Continue the great work!

Heinz Kock, via e-mail, Germany

RISK/REWARD RATIO

Editor,

I am relatively new to trading and have heard a lot about the importance of figuring the risk/reward ratio. Could you please explain how this ratio is computed?

Rob Locascio, via e-mail, Austell, GA
 
Before you enter any position, you should have a good idea of what price would prove you wrong in your assumptions. You should also have a good idea of what price action would prove you correct. The first tells you the amount of loss (incorrectly termed "risk") you're willing to accept. The second tells you the amount of gain you expect. Divide the gain by the loss to get the reward-to-risk ratio. -Editor


FOURIER ANALYSIS

Editor,

I am interested in any information on using Fourier analysis to detect recent stock price trends. Do you know of anyone who is pursuing this?

David Shedivy, via e-mail


A full-text search of S&C on CD, which contains thousands of articles published during the last couple of decades in Stocks & Commodities, produced 124 articles, sidebars, or letters that contain the term "Fourier." At https://store.traders.com, you'll find 19 references to Fourier.

Fourier analysis (FFT) is most often used to detect cycles in data over a period of time. The knowledge of when cycles exist can be used to design a filter system, such as a moving average.
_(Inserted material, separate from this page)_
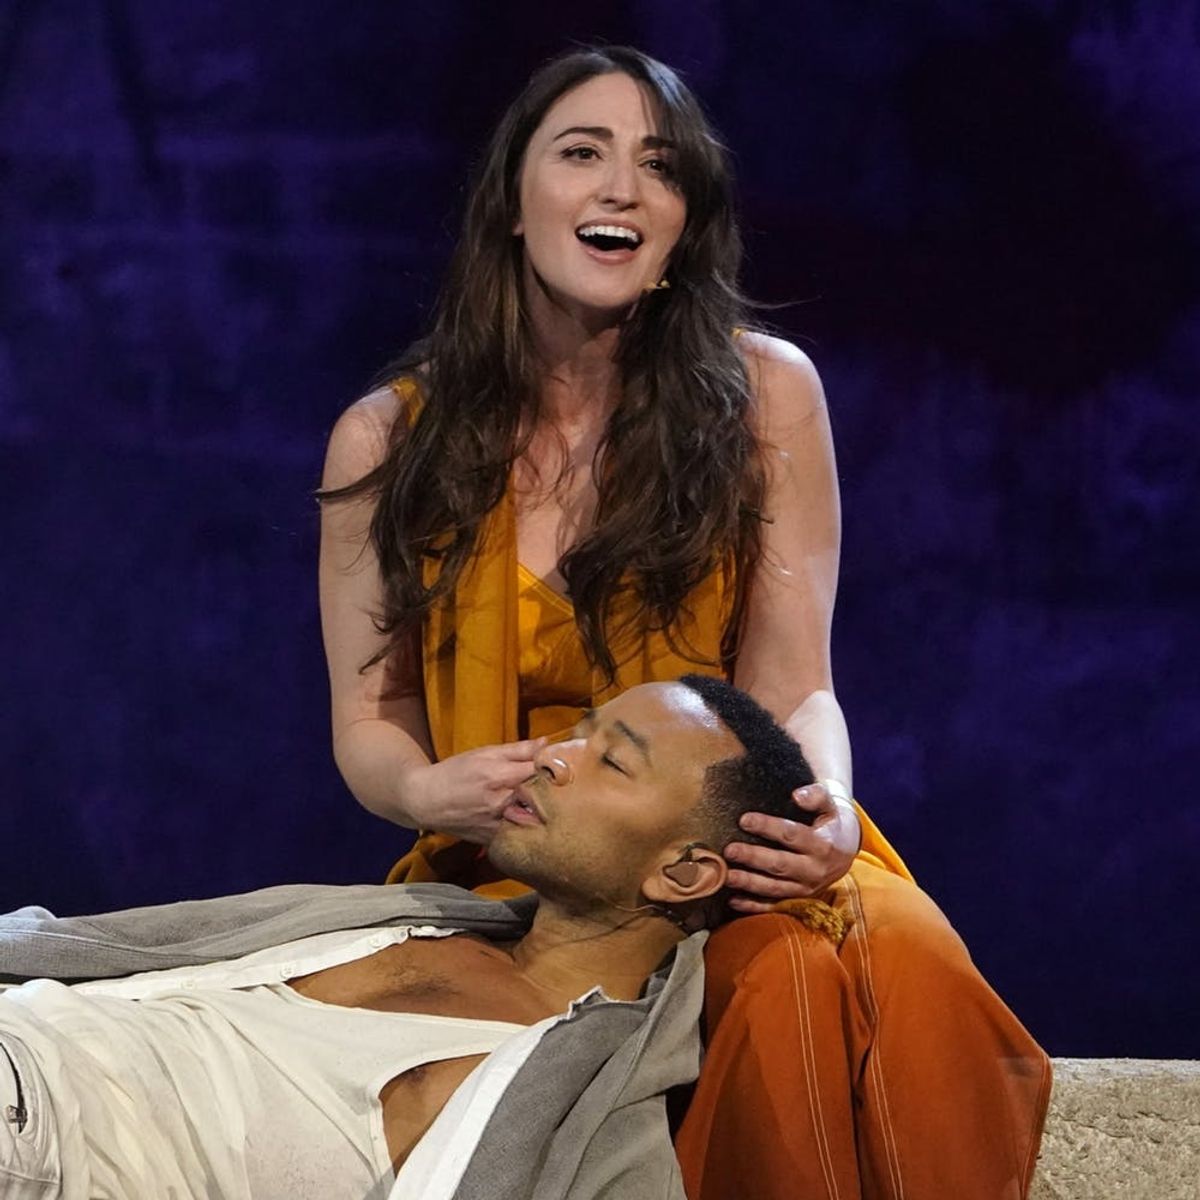 The 9 Best Moments from NBC’s ‘Jesus Christ Superstar Live in Concert’

For possible market prediction, you may also want to look into the maximum entropy method (MEM) of cycle detection. MEM can be used with a smaller sample of historical data. Using less data gets you closer to the current market action. -Publisher


HISTORICAL DATA

Editor,

I am looking for historical data on the number or percentage of stocks over and under their moving averages. I need this information for the NYSE and the Nasdaq. Do you know where this information is available?
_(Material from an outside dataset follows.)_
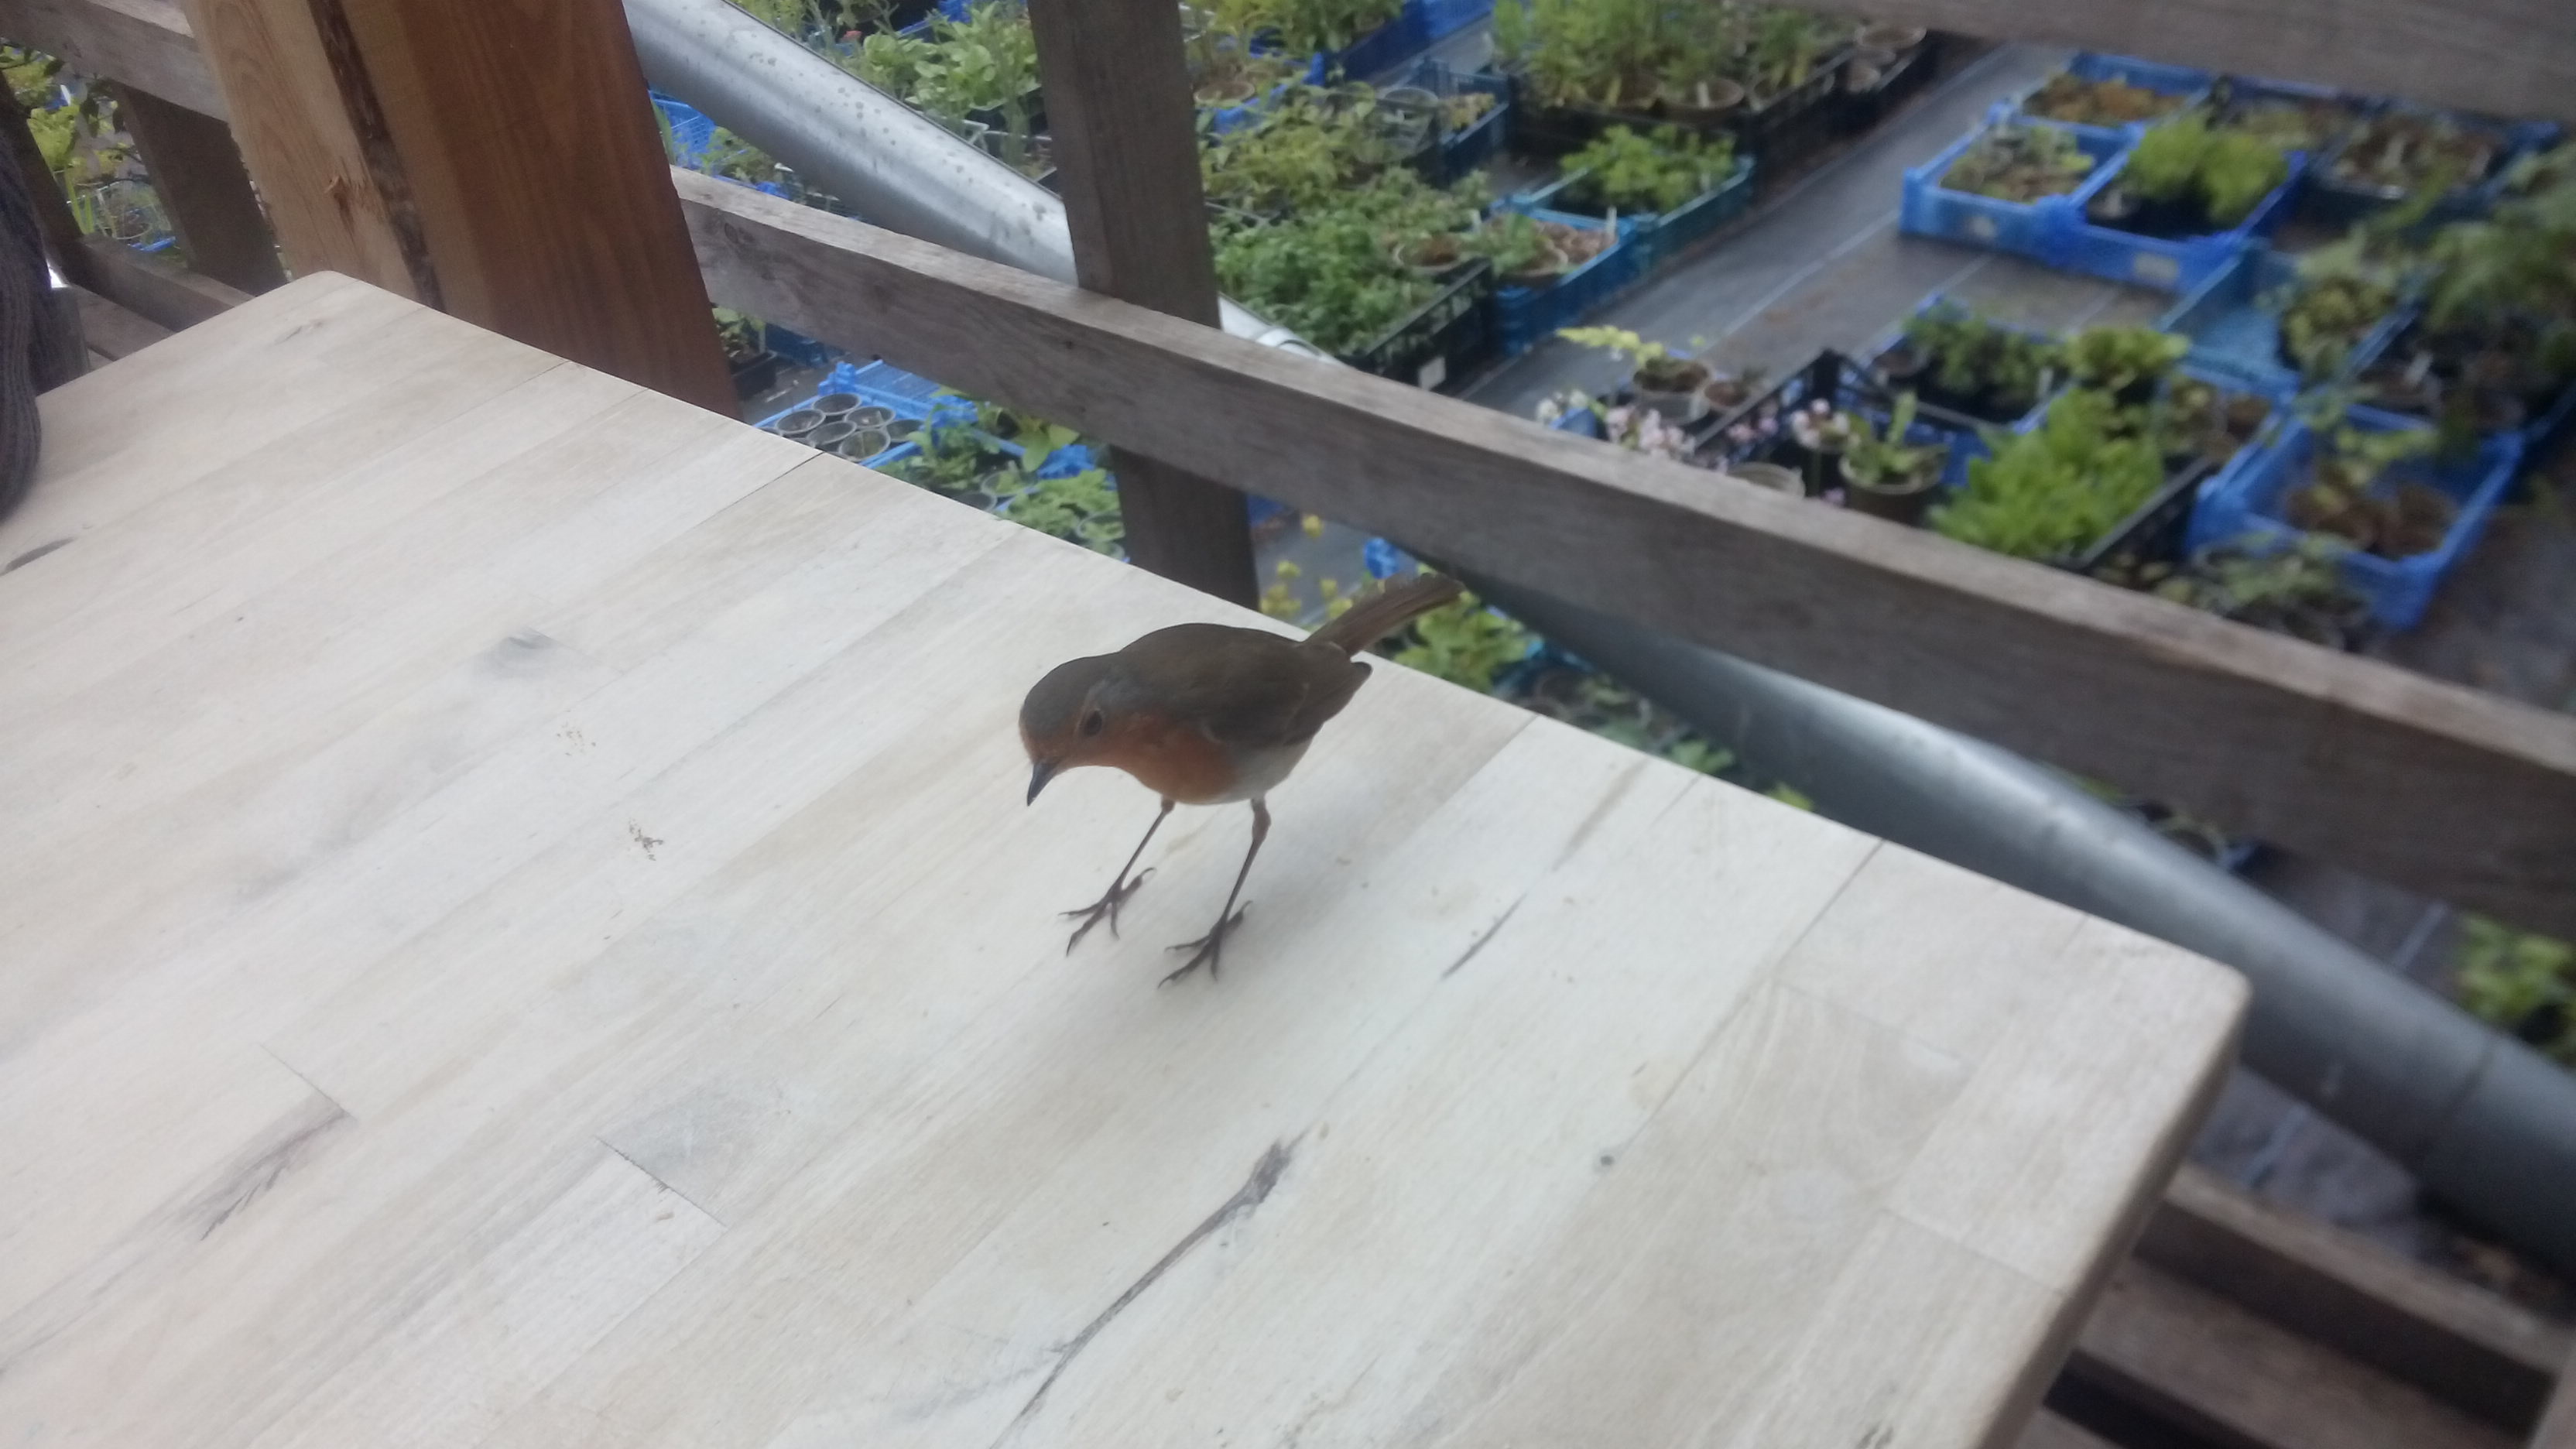 A small robin looks for crumbs on a wooden table

David Tse, via e-mail, Los Angeles, CA
 
Check out Worden Brothers' TC2000 service. It shows the percentage of stocks above and below their averages. -Editor


READERS' CHOICE AWARDS

Editor,

Where can I find the 2000 Readers' Choice Award winners for best stock software under $200, best stock data, and best data download software, plus other winners?
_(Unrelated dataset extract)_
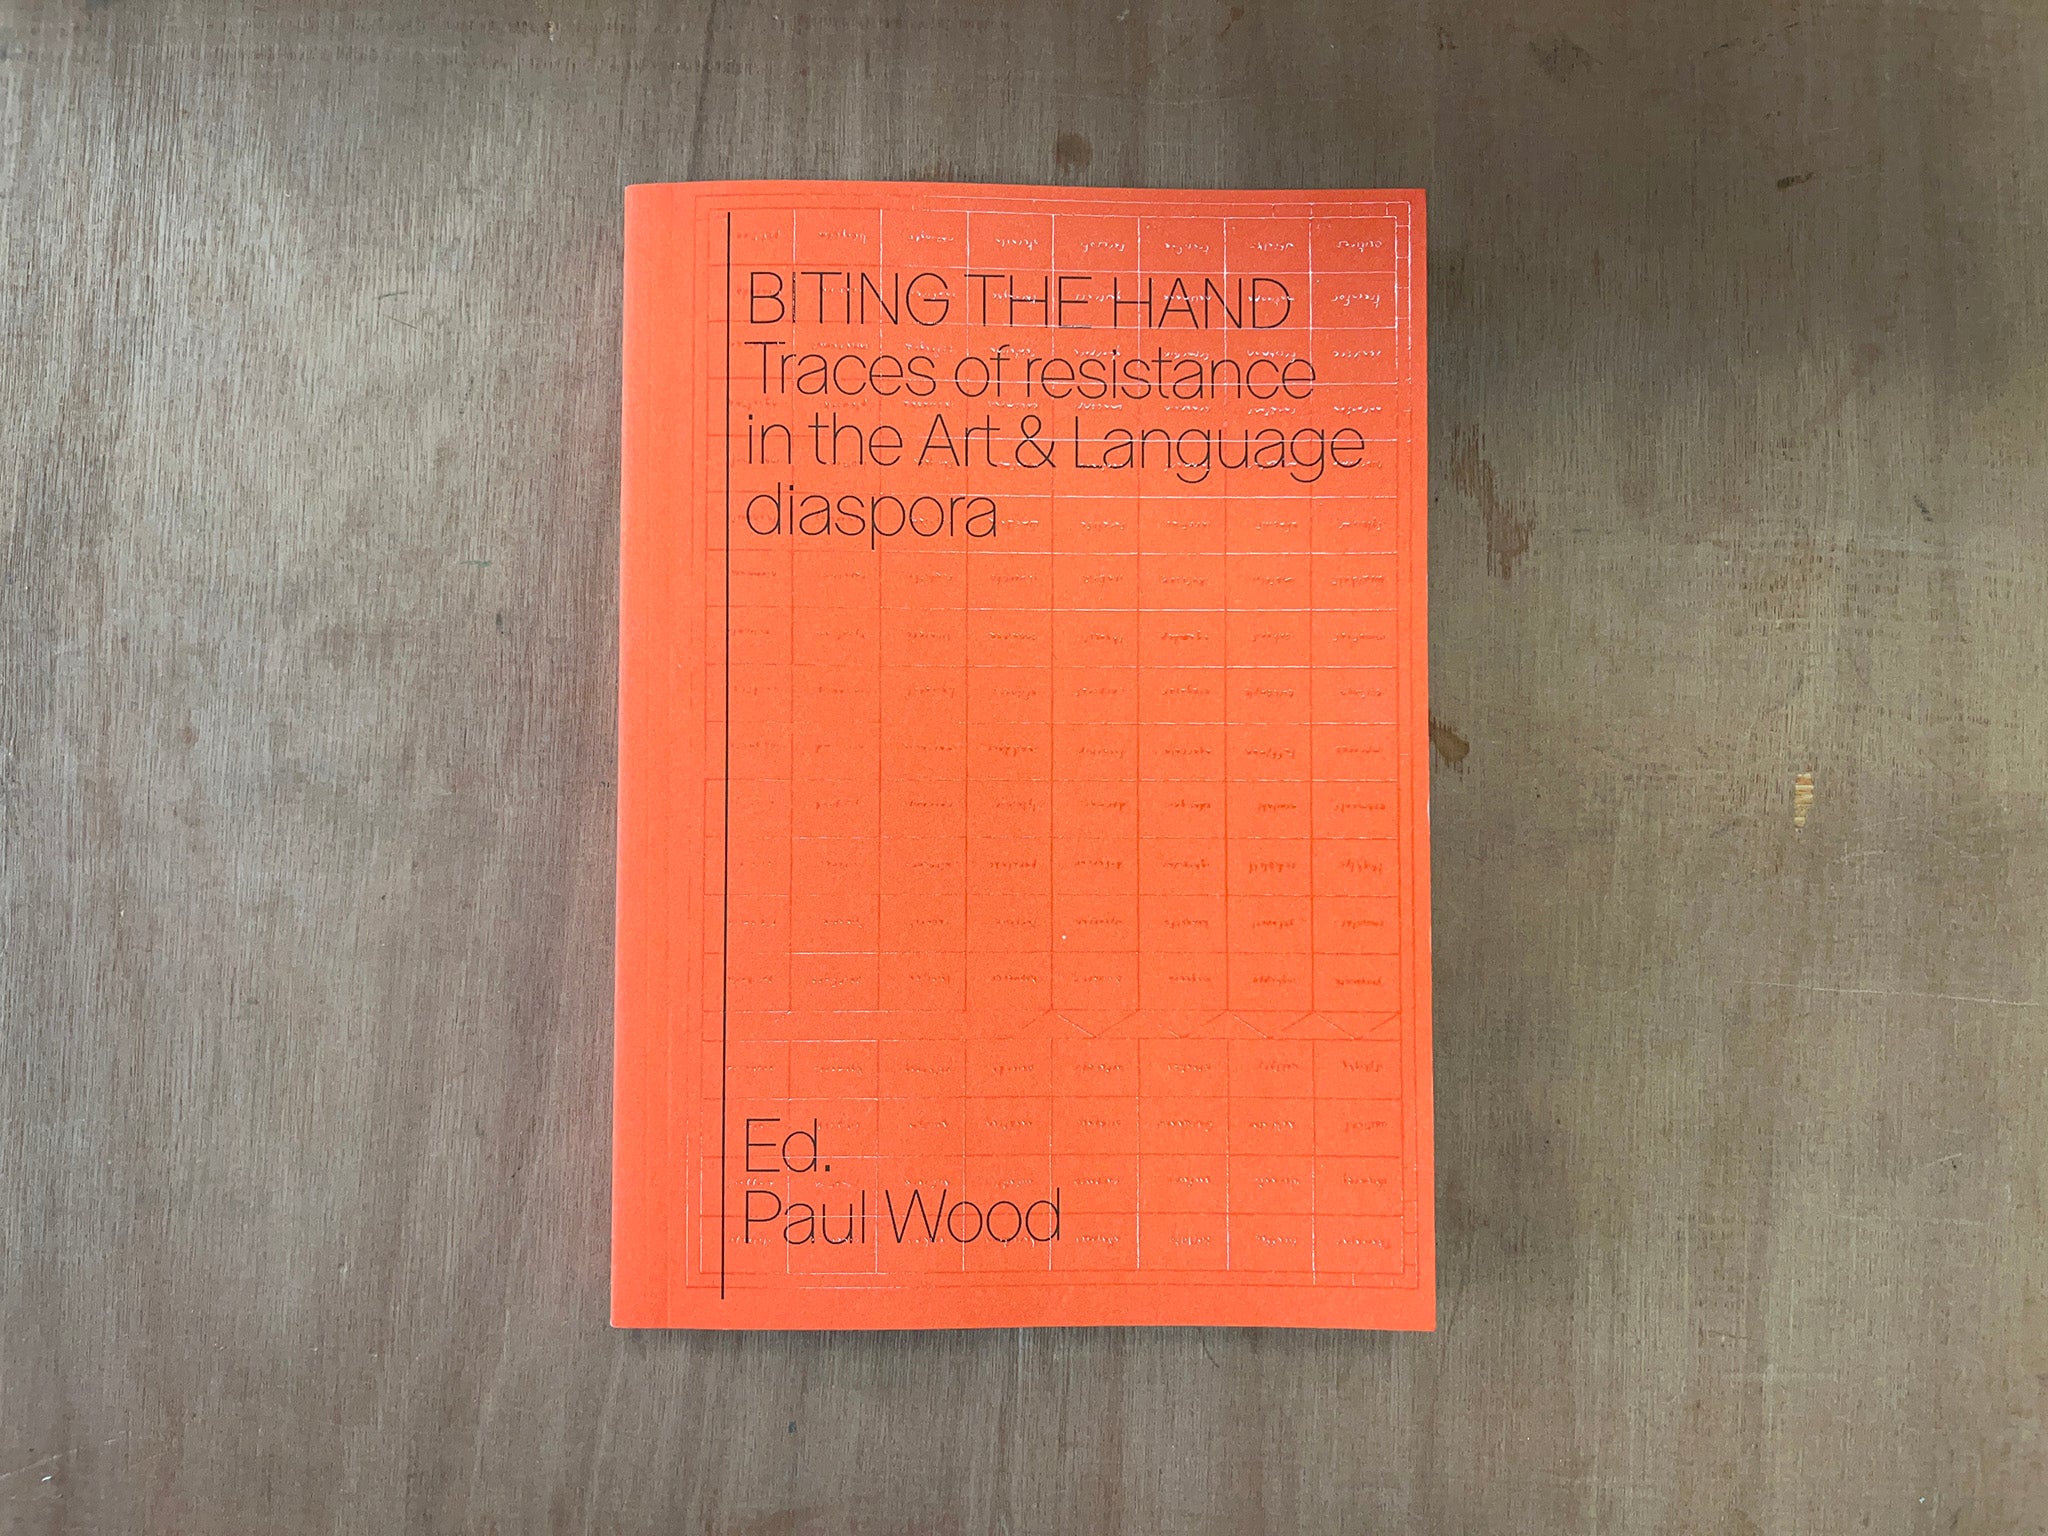 BITING THE HAND: TRACES OF RESISTANCE IN THE ART & LANGUAGE DIASPORA Ed. by Paul Wood

Tomas de Matteis, via e-mail
 
The Readers' Choice Awards are published every year in our Bonus Issue, which is automatically mailed to paid subscribers. To receive it, you must subscribe. Contact our circulation department at 800 832-4642 or circ@traders.com for subscription information.-Editor


MORE ON READERS' CHOICE AWARDS

Editor,

I am a bit curious about the criteria for judging software in your Readers' Choice Awards. How are the awards chosen?

Sid Marquis, via e-mail


As the name implies, the Readers' Choice Awards are voted on by our readers. The editors gather a list of products (with spaces for write-in votes) and mail it with the magazine to a sampling of US subscribers. Subscribers vote for the products they find most useful in their trading and investing, then return their ballots to us. Our computer data service tallies the votes and we publish the results in our annual year-end Bonus Issue.- Editor


PYRAMIDING POSITIONS

Editor,

I am looking for a well-written, tested, and proven book on the methodology of adding (pyramiding) existing positions -- whether they are in the stock or futures markets. Any suggestions?

Bill Collard, via e-mail


The reason there are no books on this subject is that pyramiding is a well-defined path to disaster. However, building a position is covered in my book Campaign Trading (John Wiley, 1993).-Editor


ERRATA: OPTIONVUE 5

In the June 2001 issue, the OptionVue 5 product review incorrectly stated that a free 30-day trial of OptionVue 5 is available. The 30-day trial is not free; it costs $49. We sincerely regret the error.


ERRATA: TRADERS' TIPS

In the June 2001 Traders' Tips, in one of the tips for Investor/RT on page 60, we inadvertently duplicated Figure 6 and omitted Figure 8. We regret any confusion the error may have caused. The correct image can be found in the July 2001 Traders' Tips at our website, Traders.com.

In addition, in the July 2001 Traders' Tips, we inadvertently left out a tip on calculating VIMA submitted by Investor/RT. Look for it plus additional tips in this issue.